Olivier J. M. Béquignon is neither the copyright holder of Mold2 nor responsible for it.
Only the Python wrapper is the work of Olivier J. M. Béquignon.
Installation
From source:
git clone https://github.com/OlivierBeq/Mold2_pywrapper.git
pip install ./Mold2_pywrapper
with pip:
pip install mold2-pywrapper
Get started
from Mold2_pywrapper import Mold2
smiles_list = [
# erlotinib
"n1cnc(c2cc(c(cc12)OCCOC)OCCOC)Nc1cc(ccc1)C#C",
# midecamycin
"CCC(=O)O[C@@H]1CC(=O)O[C@@H](C/C=C/C=C/[C@@H]([C@@H](C[C@@H]([C@@H]([C@H]1OC)O[C@H]2[C@@H]([C@H]([C@@H]([C@H](O2)C)O[C@H]3C[C@@]([C@H]([C@@H](O3)C)OC(=O)CC)(C)O)N(C)C)O)CC=O)C)O)C",
# selenofolate
"C1=CC(=CC=C1C(=O)NC(CCC(=O)OCC[Se]C#N)C(=O)O)NCC2=CN=C3C(=N2)C(=O)NC(=N3)N",
# cisplatin
"N.N.Cl[Pt]Cl"
]
mols = [Chem.MolFromSmiles(smiles) for smiles in smiles_list]
mold2 = Mold2()
print(mold2.calculate(mols))
Instantiating a Mold2 object ensures that the executables for your platform are accessible. If this is not the case, an attempt to download them from the website of the FDA is made.
Should one have downloaded the original ZIP file available from the website of the FDA, the executables can be installed using the following:
path_to_zipfile = '...' # Replace by the path to the ZIP file on your machine
mold2 = Mold2.from_executable(path_to_zipfile)
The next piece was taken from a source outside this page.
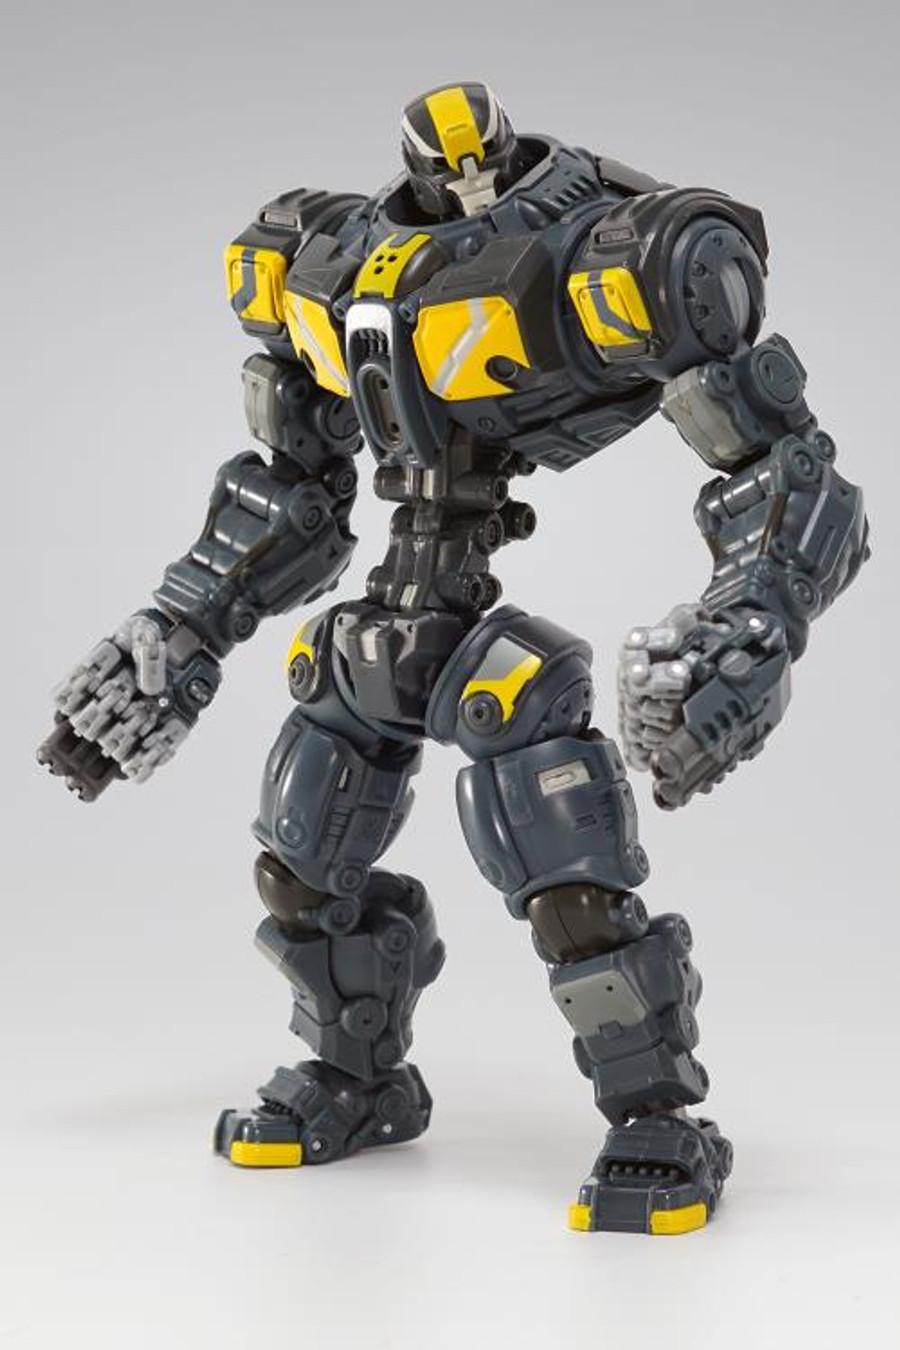 Toy Notch - Astrobots A02 Argus (Reissue)

print(mold2.calculate(mols))
Executables will be installed for future use. From then on, default instanciation may be carried out:
mold2 = Mold2()
print(mold2.calculate(mols))
Details about descriptors
Any detail about the 777 Mold2 descriptors can be obtained either for a single descriptor, by providing its index:
print(mold2.descriptor_detail(15))
# rotatable bond fraction
Or for all at once:
print(mold2.descriptor_details())
# {"D001": "number of 6-membered aromatic rings (only carbon atoms)",
# "D002": "number of 03-membered rings",
# ...
# }
Documentation
def calculate(mols, show_banner=True, njobs=1, chunksize=100):
Default method to calculate #### Parameters
- mols : Iterable[Chem.Mol]
RDKit molecule objects for which to obtain Mold2 descriptors. - show_banner : bool
Displays default notice about Mold2 descriptors. - njobs : int
Maximum number of simultaneous processes. - chunksize : int
Maximum number of molecules each process is charged of. - return_type : pd.DataFramce
Pandas DataFrame containing Mold2 molecular descriptors.Mold2 descriptors. If executables have not previously been downloaded, attempts to download and install them.
def descriptor_detail(index):
Obtain detils about one descriptor.
Parameters
- index : int
Index of the descriptor. - return_type : str
Description of the descriptor.
def descriptor_details():
Obtain details about all descriptors.
Parameters
- return_type : dict
Mapping of molecular descriptors with their details.
def from_executable(zipfile_path):
Install executables and instantiate a Mold2 calculator.
Parameters
- zipfile_path : str
Path to the user-downloaded ZIP file containing Mold2 executables.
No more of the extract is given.